Toshio Katsukawa, a fisheries professor at Mie University in western Japan, said the industry has been allowed to pursue indiscriminate fishing for years.

"This is undermining Japan's own national interests," he said. "We have an international responsibility in this matter. It's a problem if we are not able to responsibly catch and consume these fish."

That may have been a valid criticism in the past, acknowledged Masanori Miyahara, the deputy director-general of the Japan Fisheries Agency. But over the past five or six years "our policy has changed," he said in an interview in his Tokyo office. "Now we are in the driver's seat."

"Previously, there was almost no control over the bluefin catch because so many fishermen were catching them. The JFA just gave up," Miyahara said. "But now we are in a position of control. We are serious about fishing management."

He noted that limits imposed in 2011 on domestic fishermen using large, encircling "purse seine" nets -- which scoop up vast amounts of fish, including many young ones -- during the summer spawning season in the Sea of Japan have reduced the catch of juveniles by more than a quarter.

Japan also has joined 2011 "effort limits" -- such as limiting the number of vessels -- called for by the Western and Central Pacific Fisheries Commission, the regional fisheries body that monitors the western two-thirds of the Pacific Ocean.

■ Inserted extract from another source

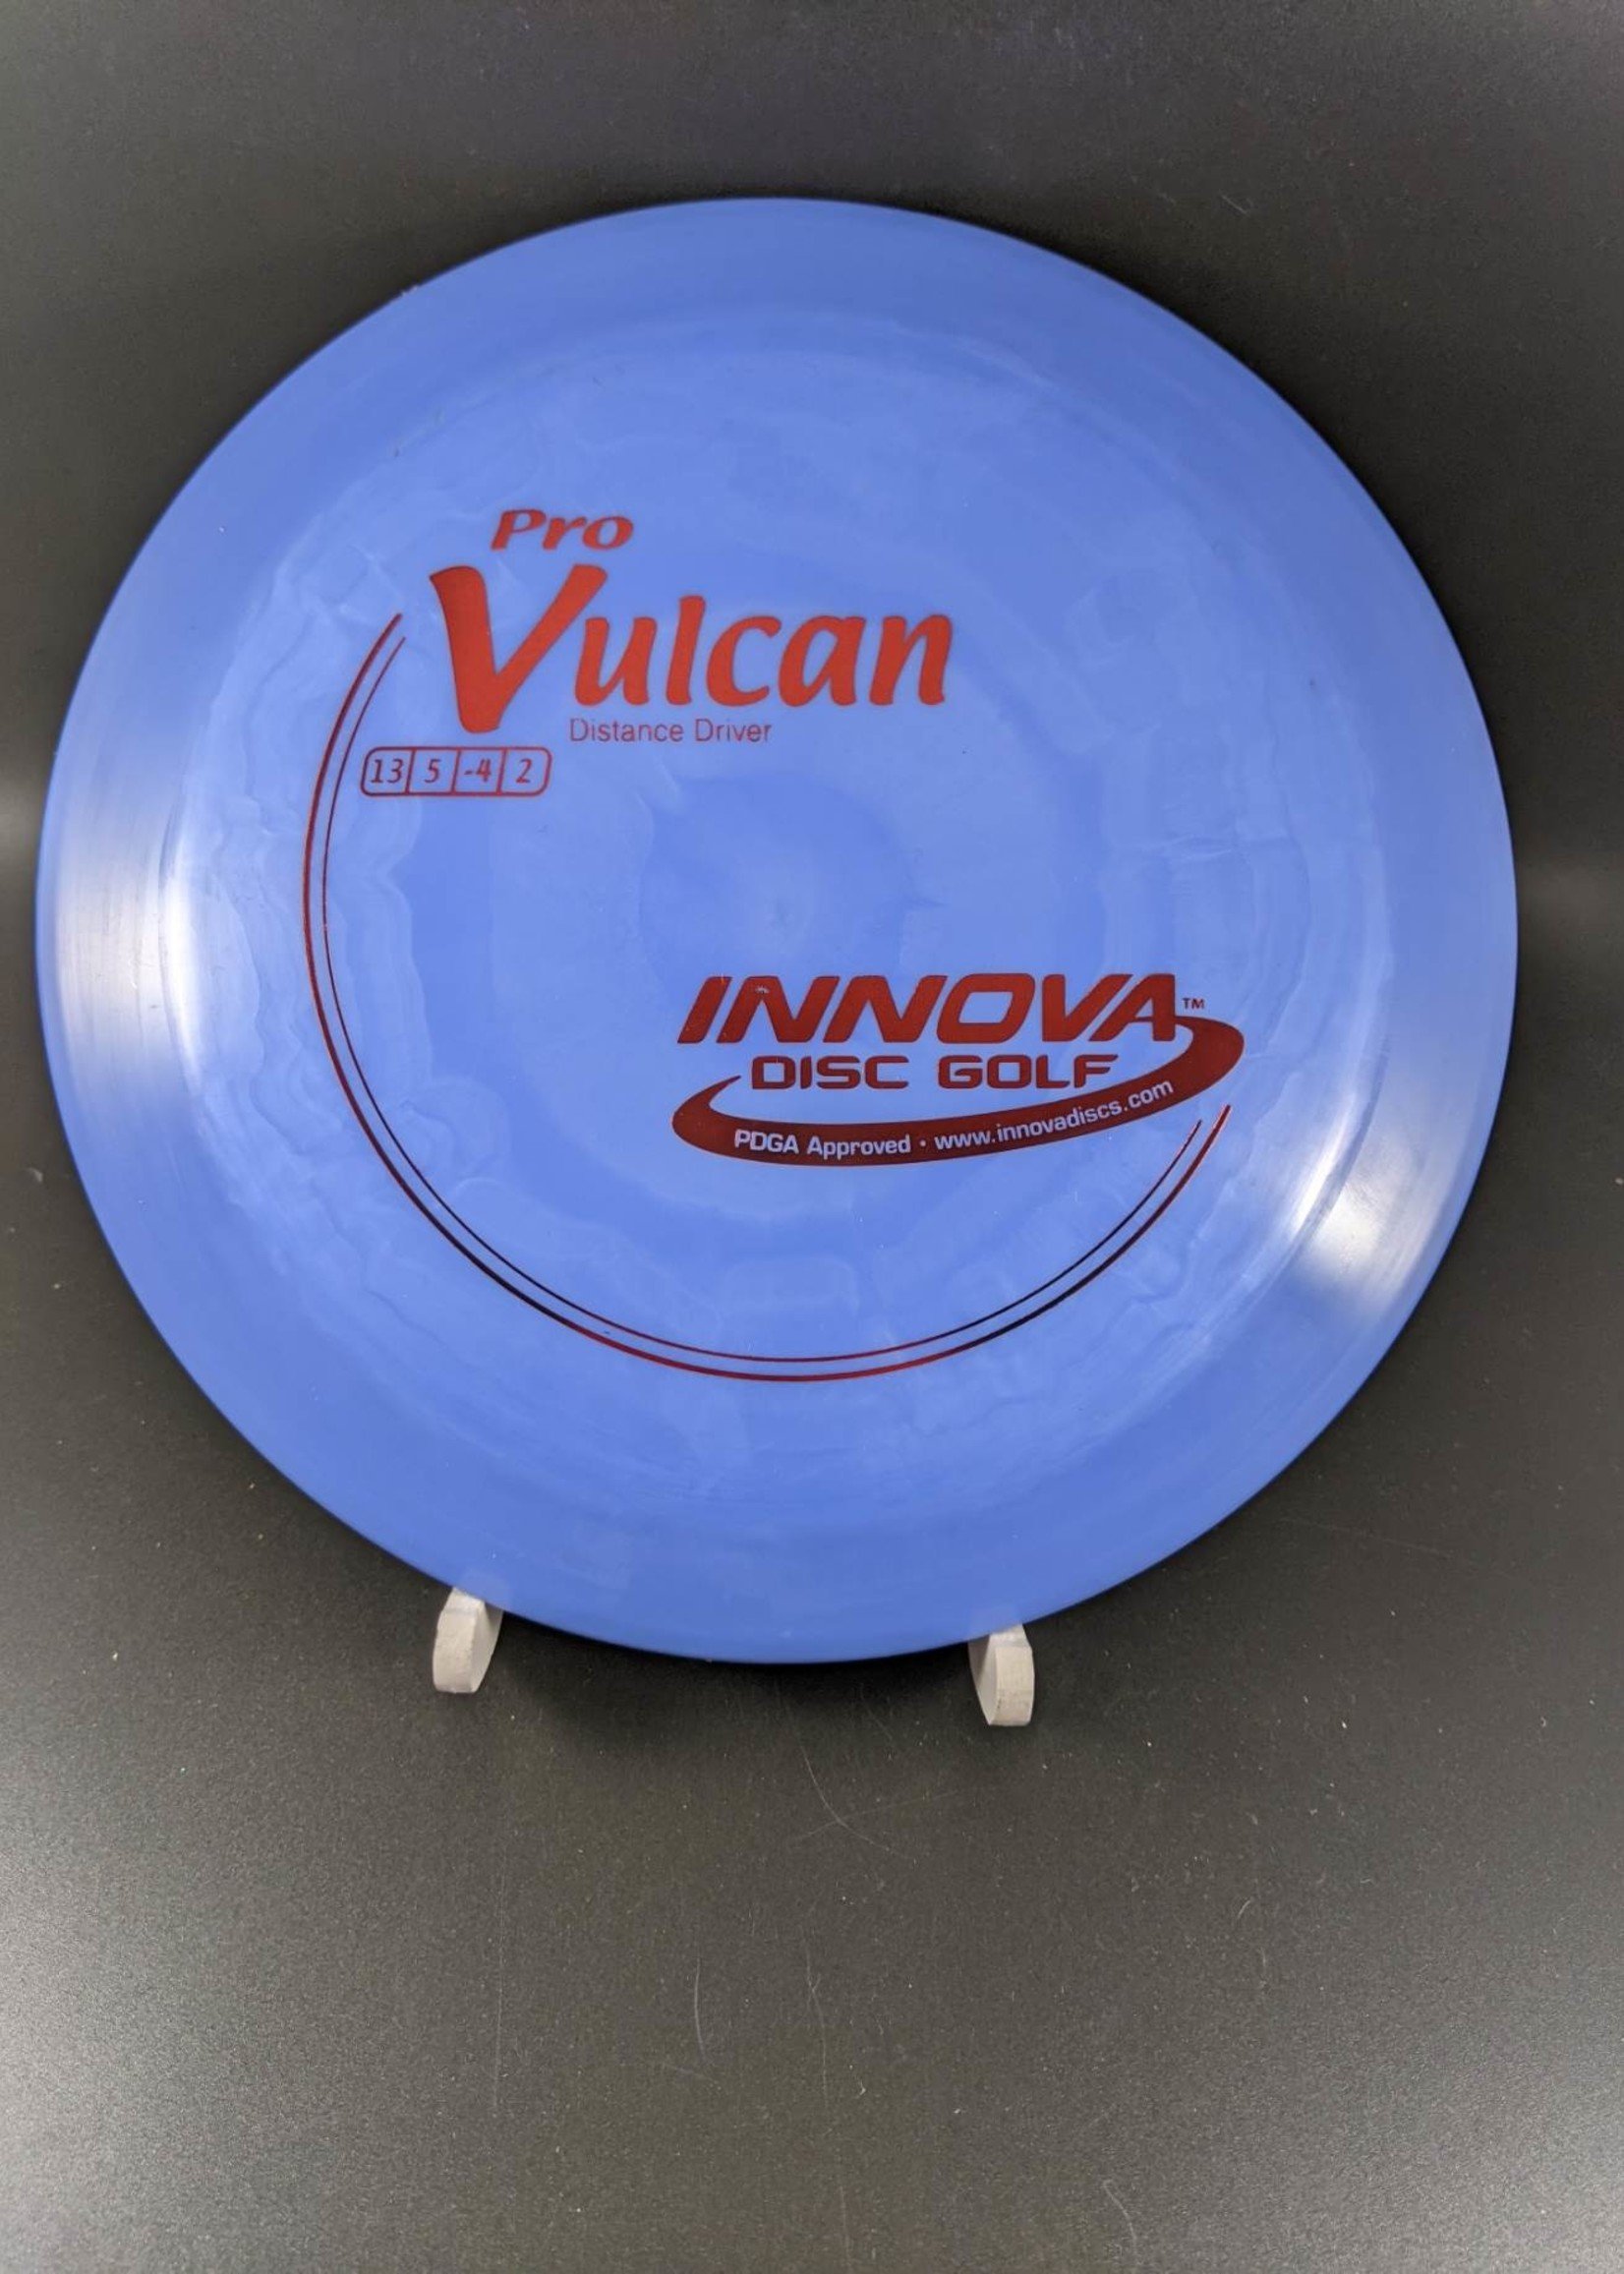 Innova Innova Pro Vulcan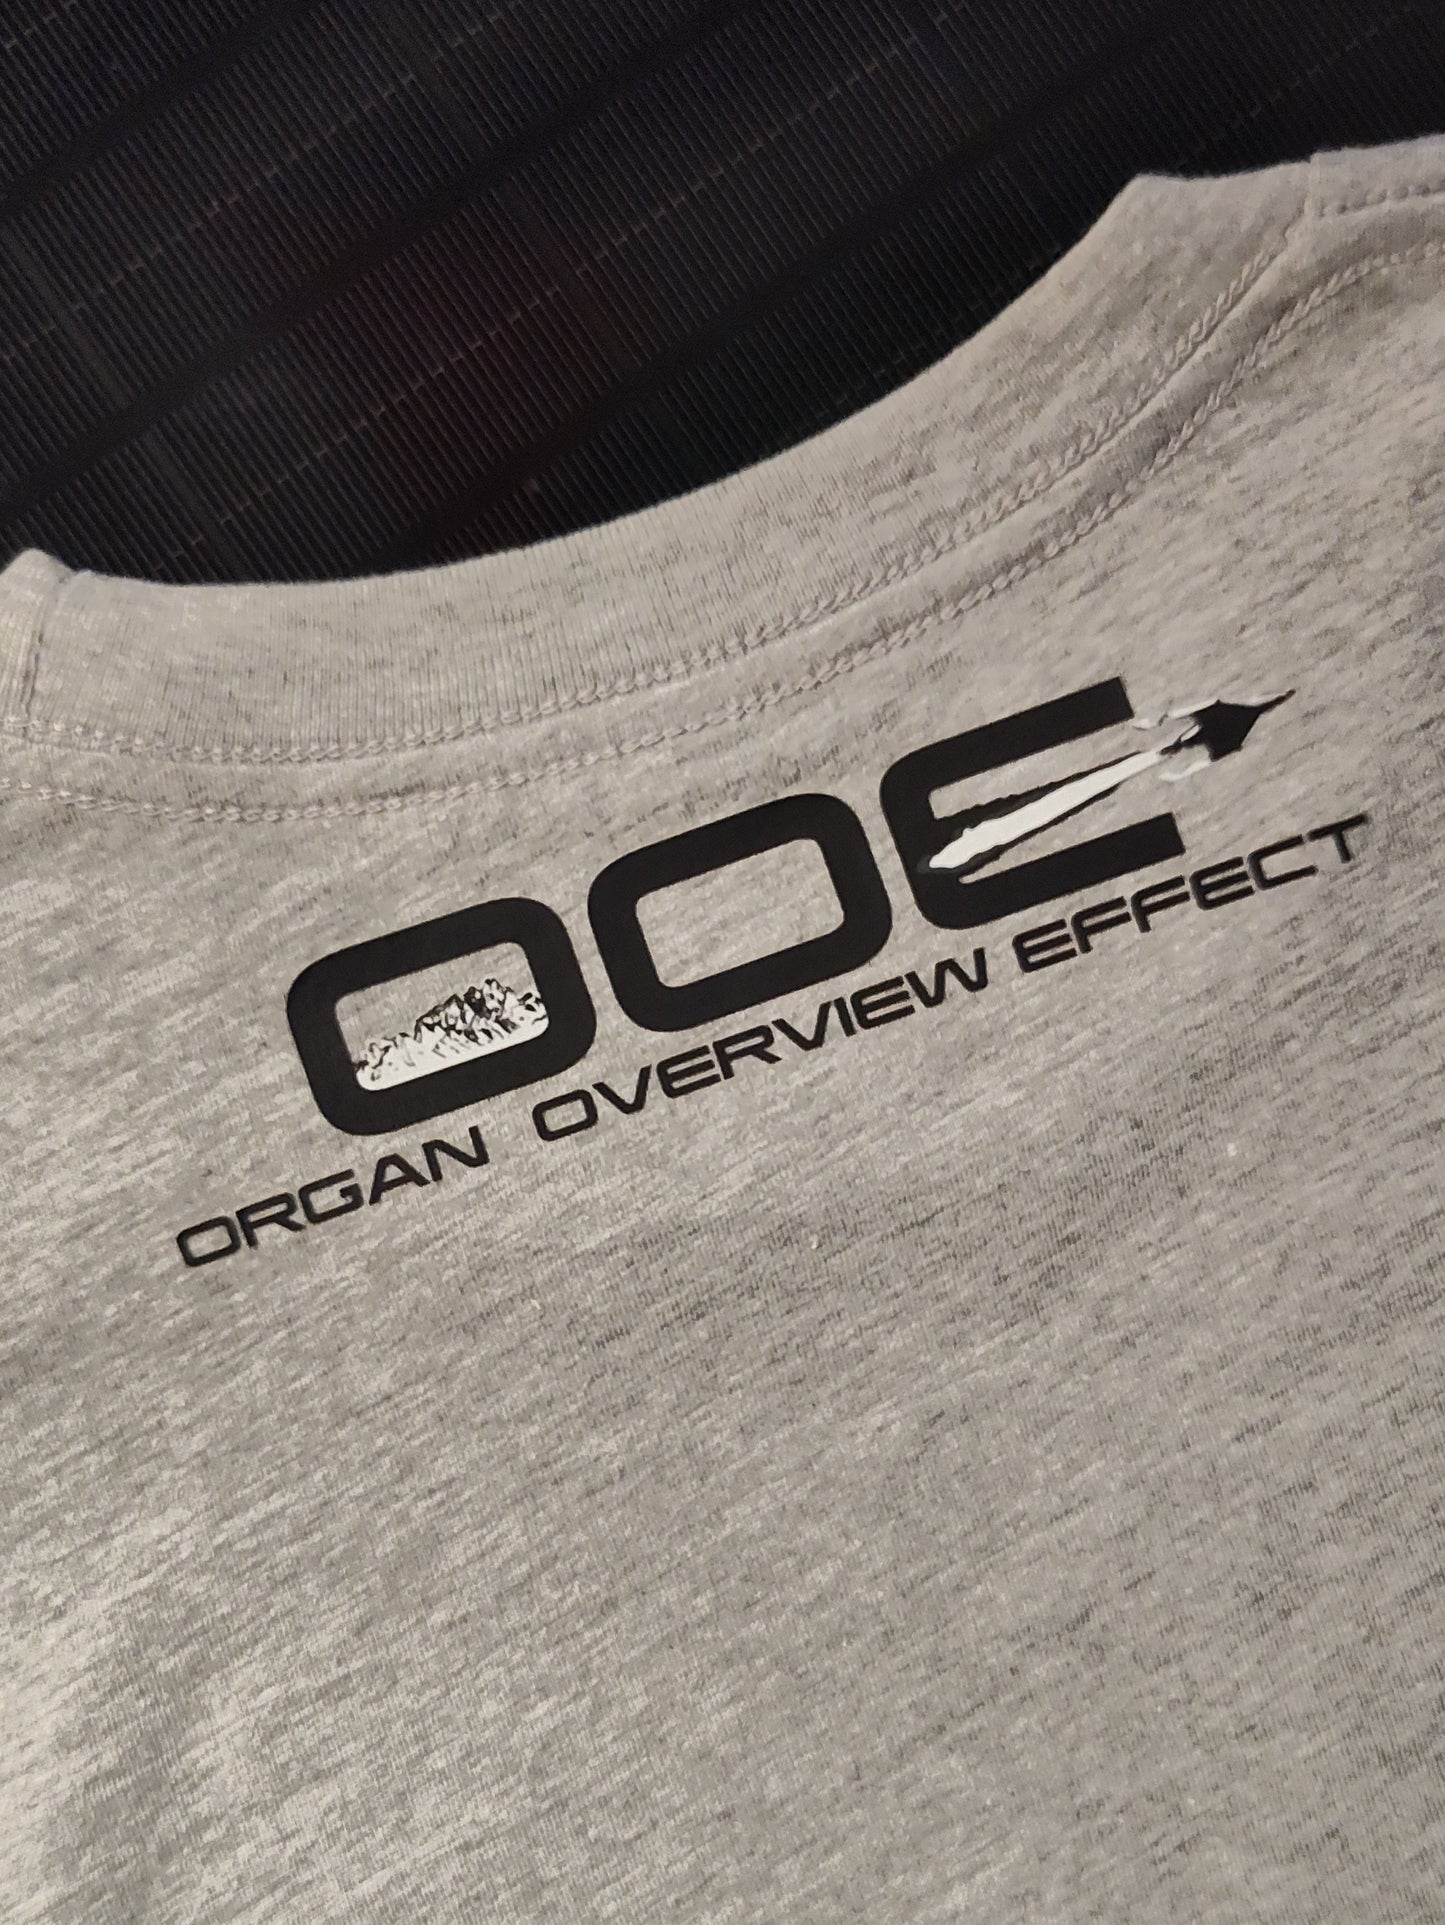 Organ Overview Effect "Gateway" T-shirt

The commission will meet in Tokyo in September to consider whether to strengthen catch restrictions.

Japan also has placed caps on the number of tuna farms, which take young tuna caught at sea and raise them in coastal waters, and is registering its 13,000 independent fishermen to better monitor their catch, Miyahara said.

But conservation groups say the measures are full of loopholes and not well enforced, while Japanese fishermen complain that South Korean boats are not similarly constrained.

"We wonder what the point is if others can catch the fish we can't," said Makoto Hotai, head of the Japan Purse Seiners Association, based in the southern city of Fukuoka.

While Japanese consumers are very sensitive about food safety and quality, awareness about resource management is still not very prevalent. Major retailer Aeon Co. has a lineup of 50 products with a special blue label from the Marine Stewardship Council, which certifies sustainable marine foods. However, MSC-labeled products account for only 3 percent of Aeon's total fish sales.

"Eating fish is a fundamental part of Japanese culture," said Kozo Ishii, the program director for MSC in Japan. "That fish is readily available is taken for granted."

A handful of U.S. and European sushi restaurants have removed bluefin from their menus, but Nagayama, the sushi chef, hasn't heard of that happening in Japan.

He tries to minimize the amount of the fish he uses, but says he needs to have it on hand because customers request it. A single piece of pink "o-toro" fatty tuna goes for 2,000 yen, or $21, at his shop, although customers visiting "conveyor belt" sushi shops can grab much lower quality bluefin for 100 yen, or just over a dollar.

"We're a top-end sushi bar, so we need to have it," said the 71-year-old sushi chef, who has written three books about fish. "If we don't, we can't really do business."